SOURCE DATA:
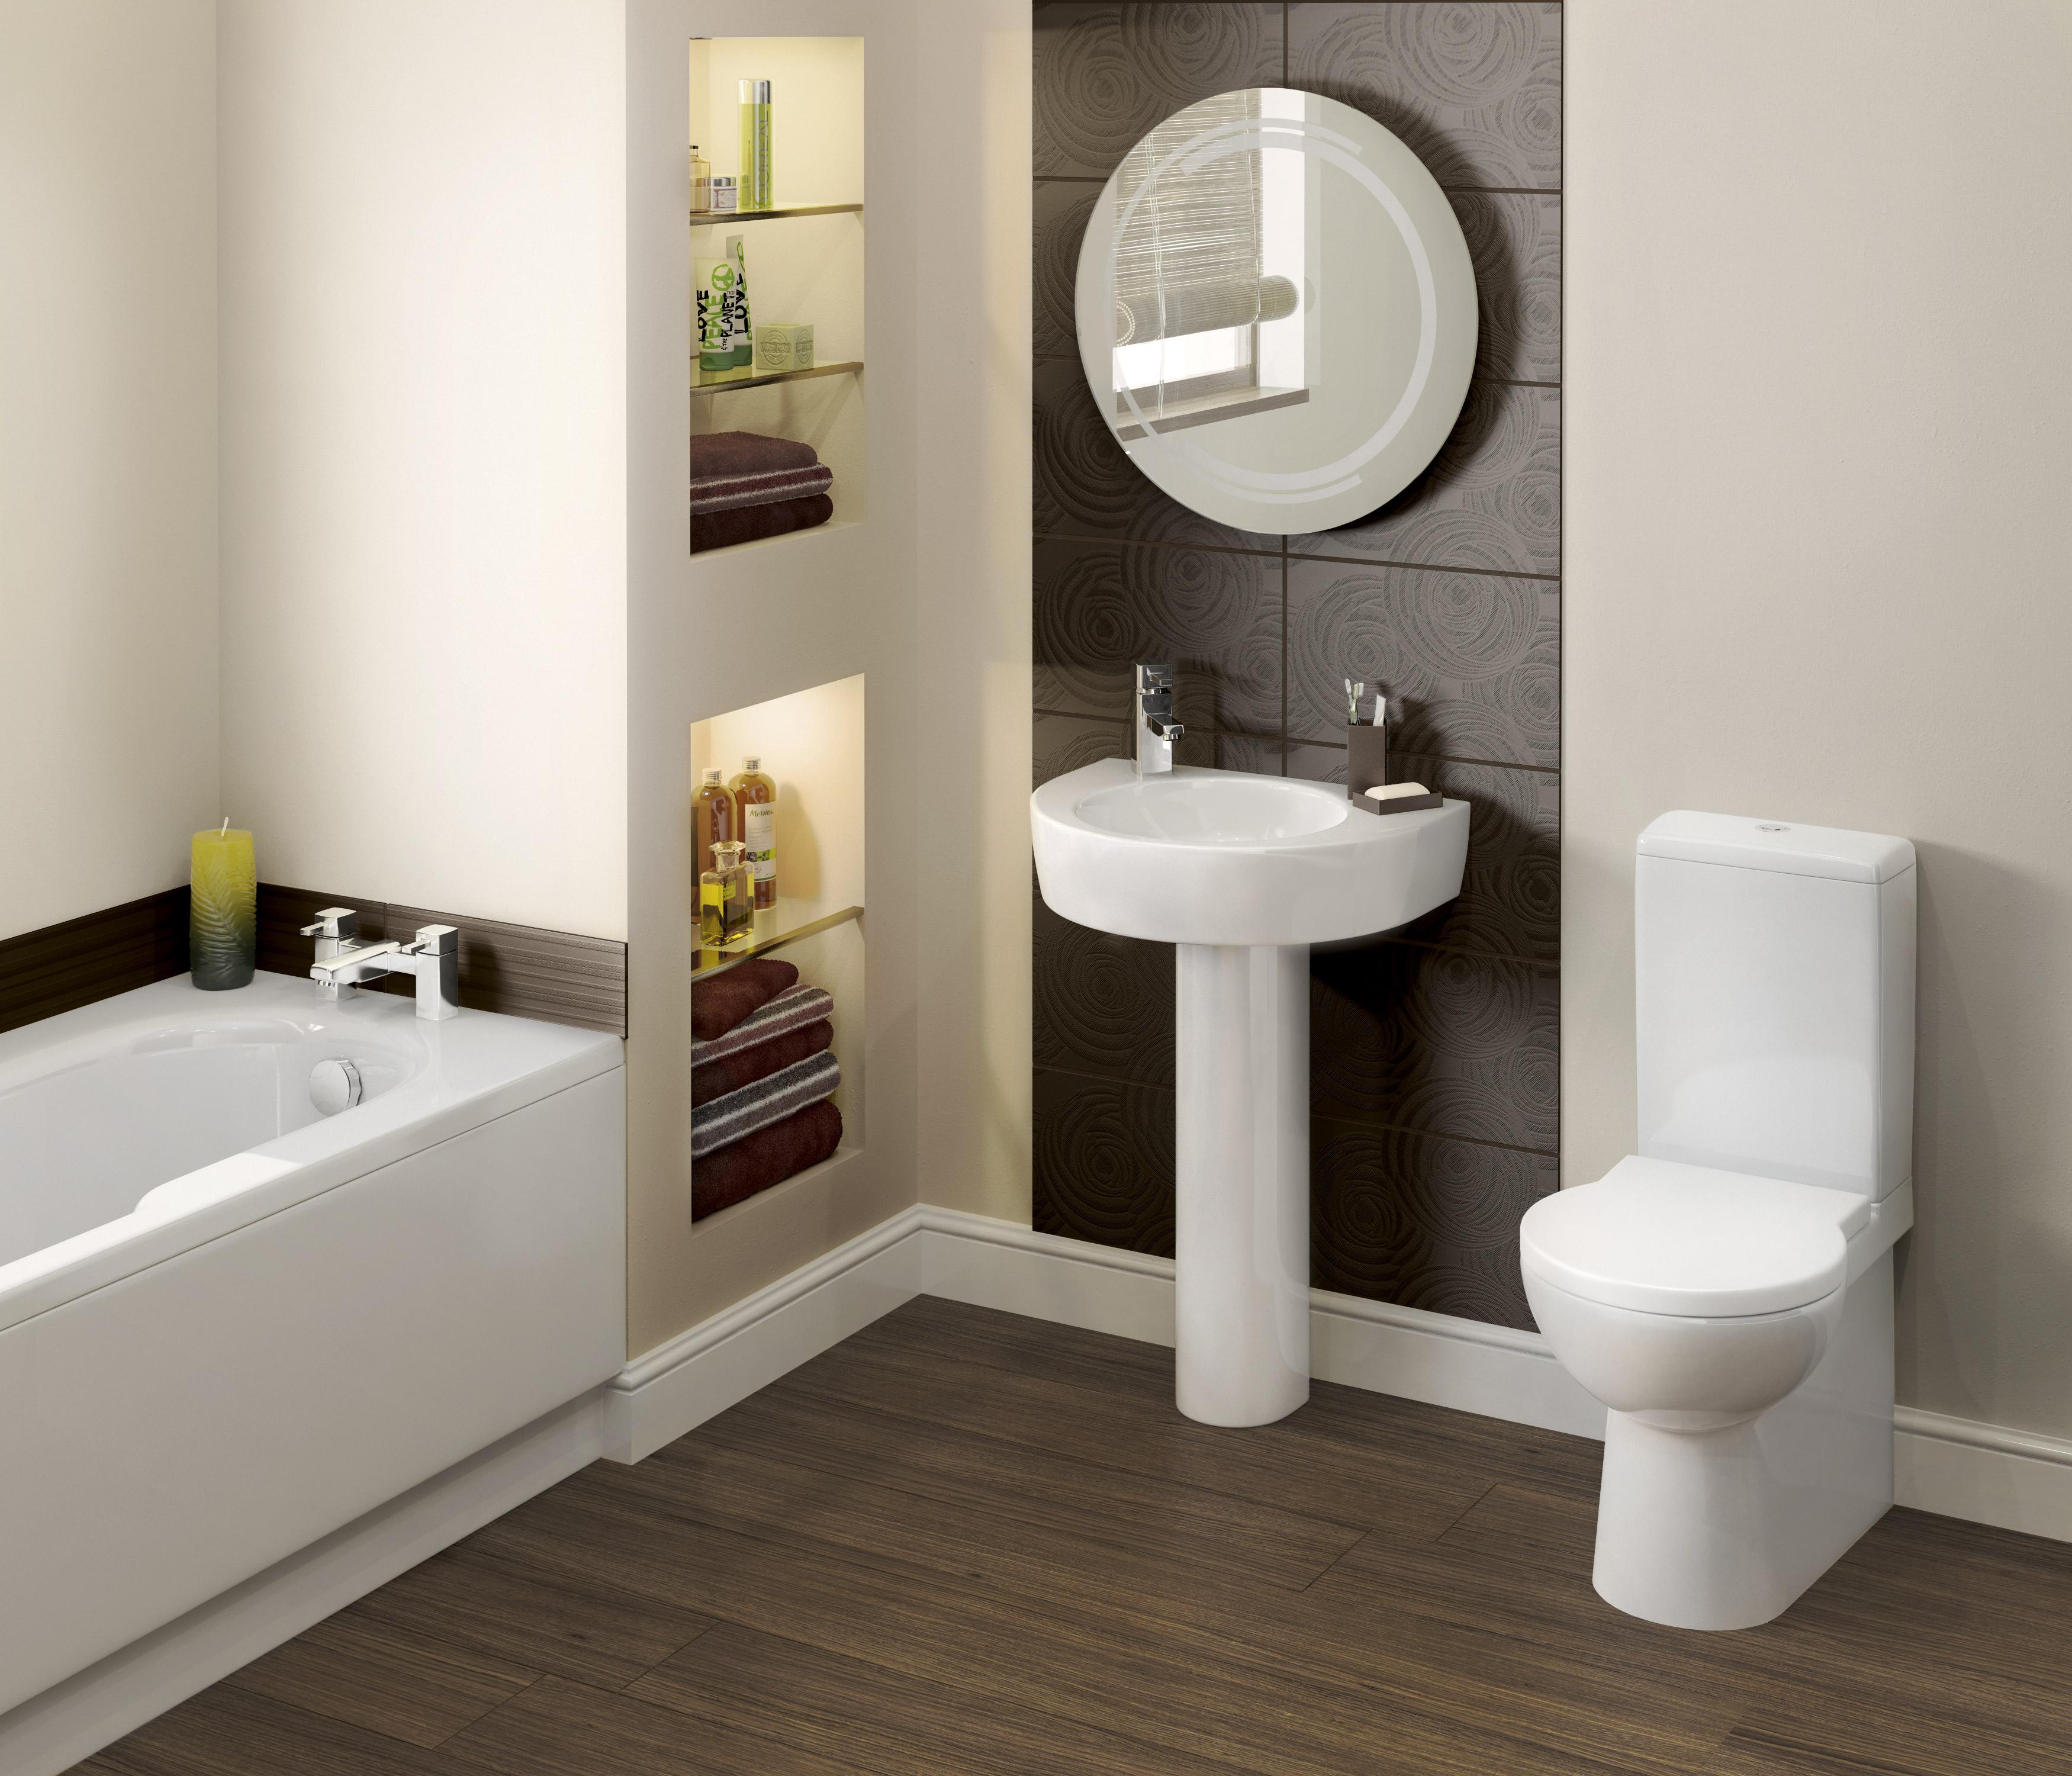 Free photo: Bathroom - Tiles, Toilet, Washroom - Free Download - Jooinn
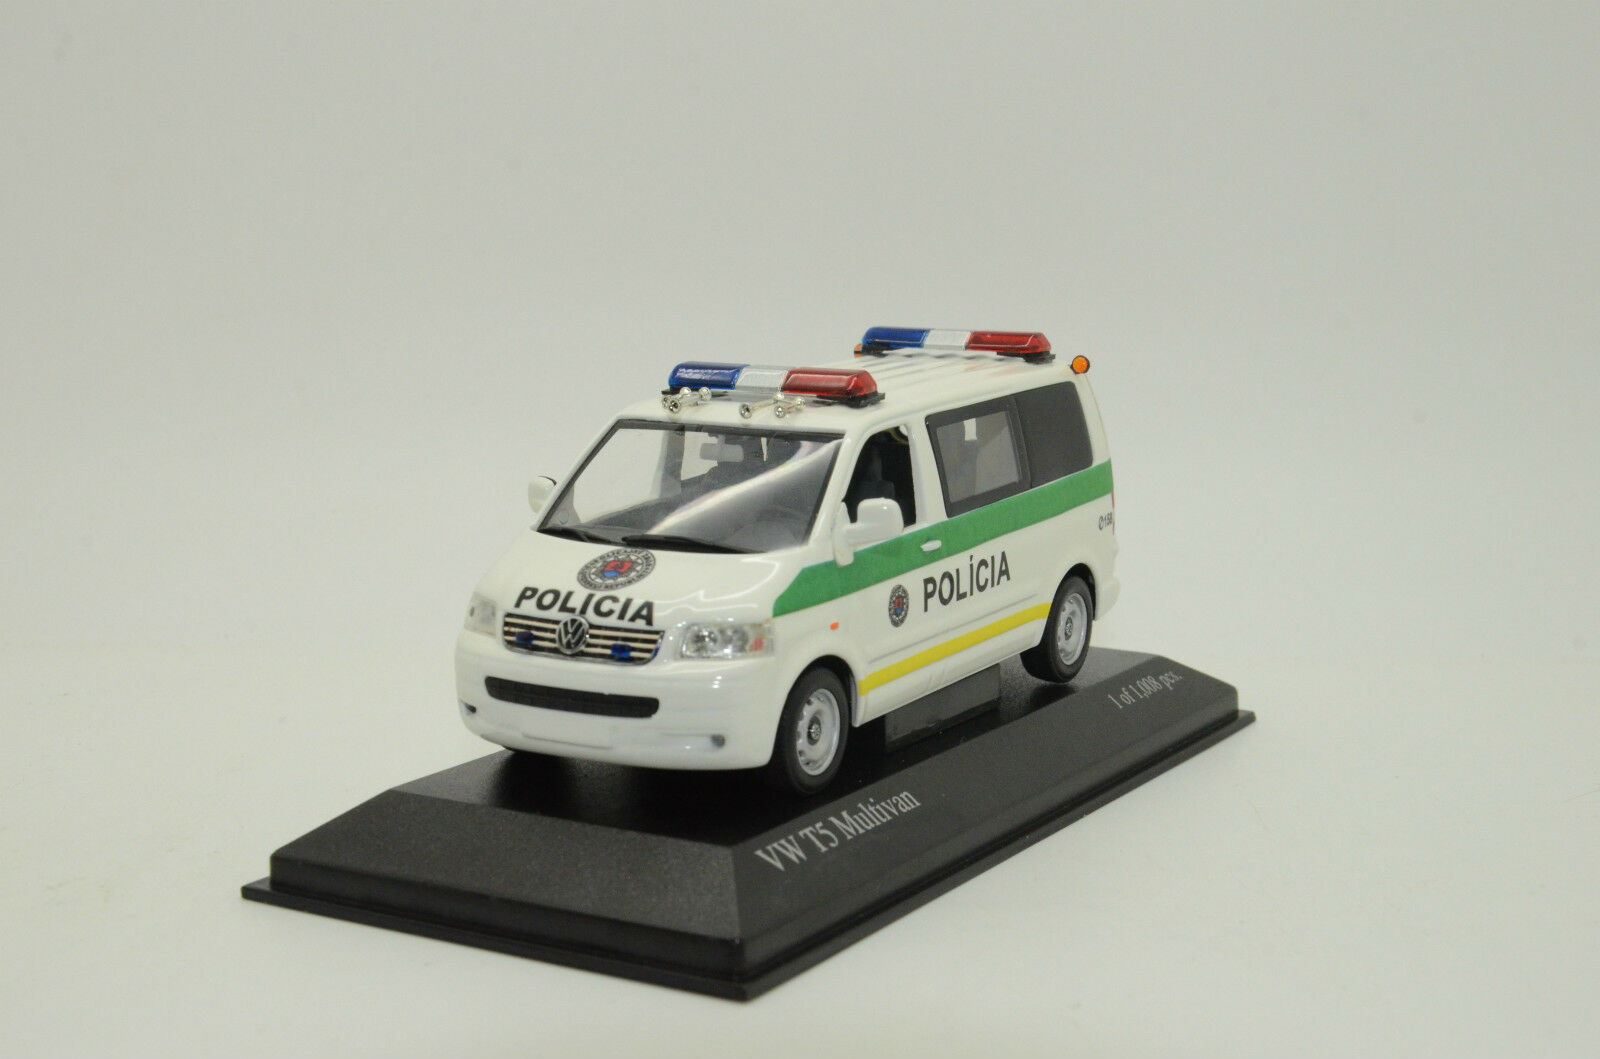 Rara VW T5 Multivan Eslovaquia Policial Policia Hecho a Medida 1 43
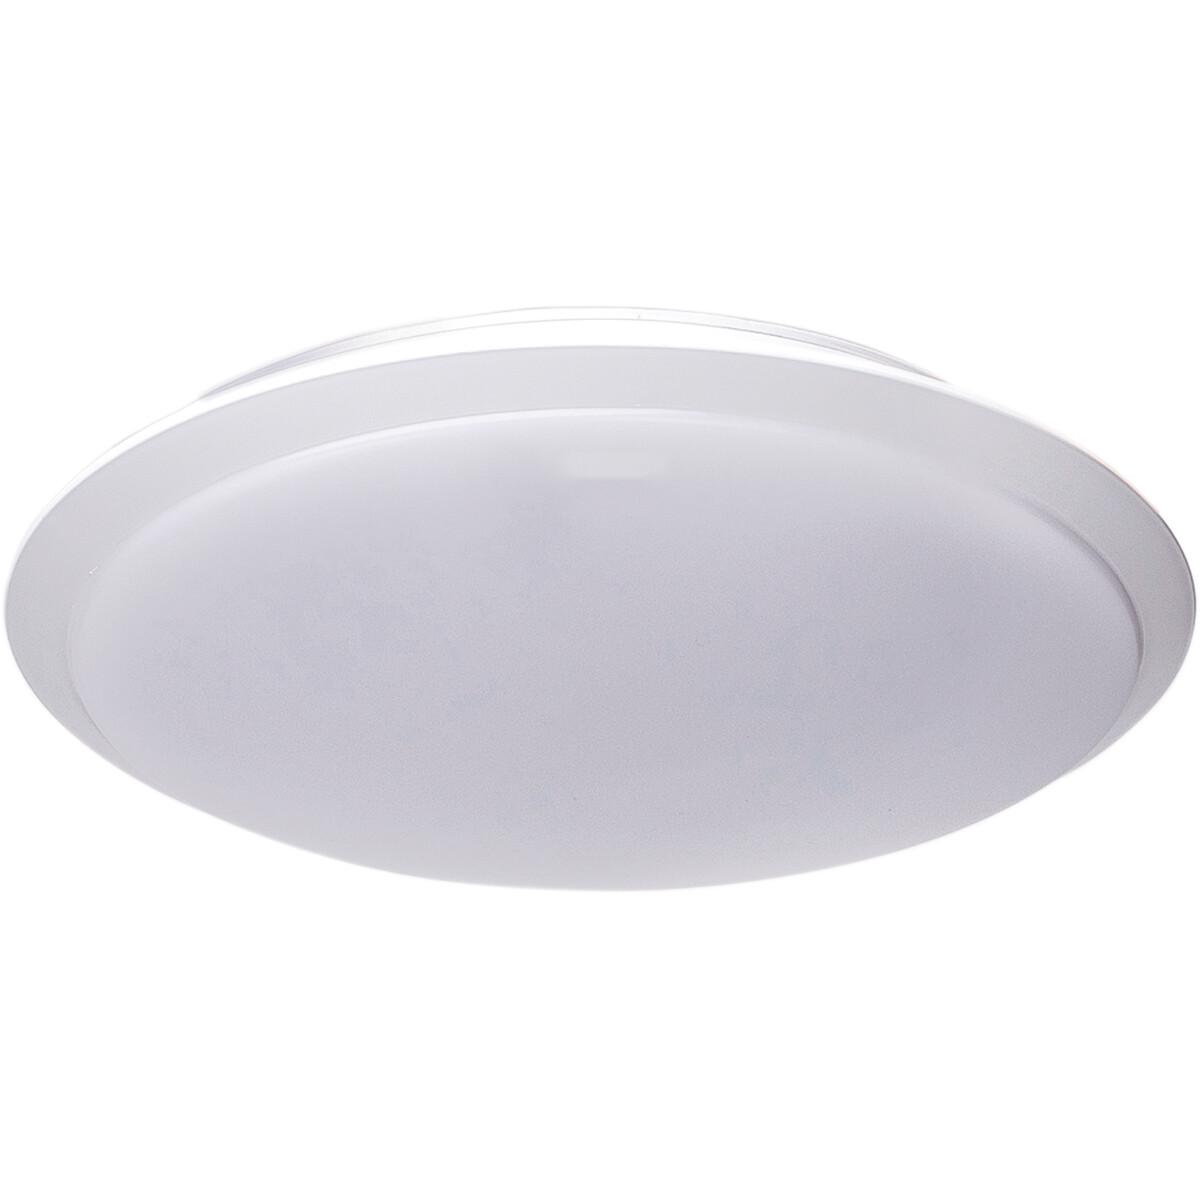 LED Plafondlamp - Aigi Ashly - Opbouw Rond 18W - Warm Wit 3000K - Mat Wit - Aluminium

WHAT THE TASK REQUIRES: Once the pictures are set aside, repeat the remaining data word for word.

RESPONSE BELOW:
 Free photo: Bathroom - Tiles, Toilet, Washroom - Free Download - Jooinn
 Rara VW T5 Multivan Eslovaquia Policial Policia Hecho a Medida 1 43
 LED Plafondlamp - Aigi Ashly - Opbouw Rond 18W - Warm Wit 3000K - Mat Wit - Aluminium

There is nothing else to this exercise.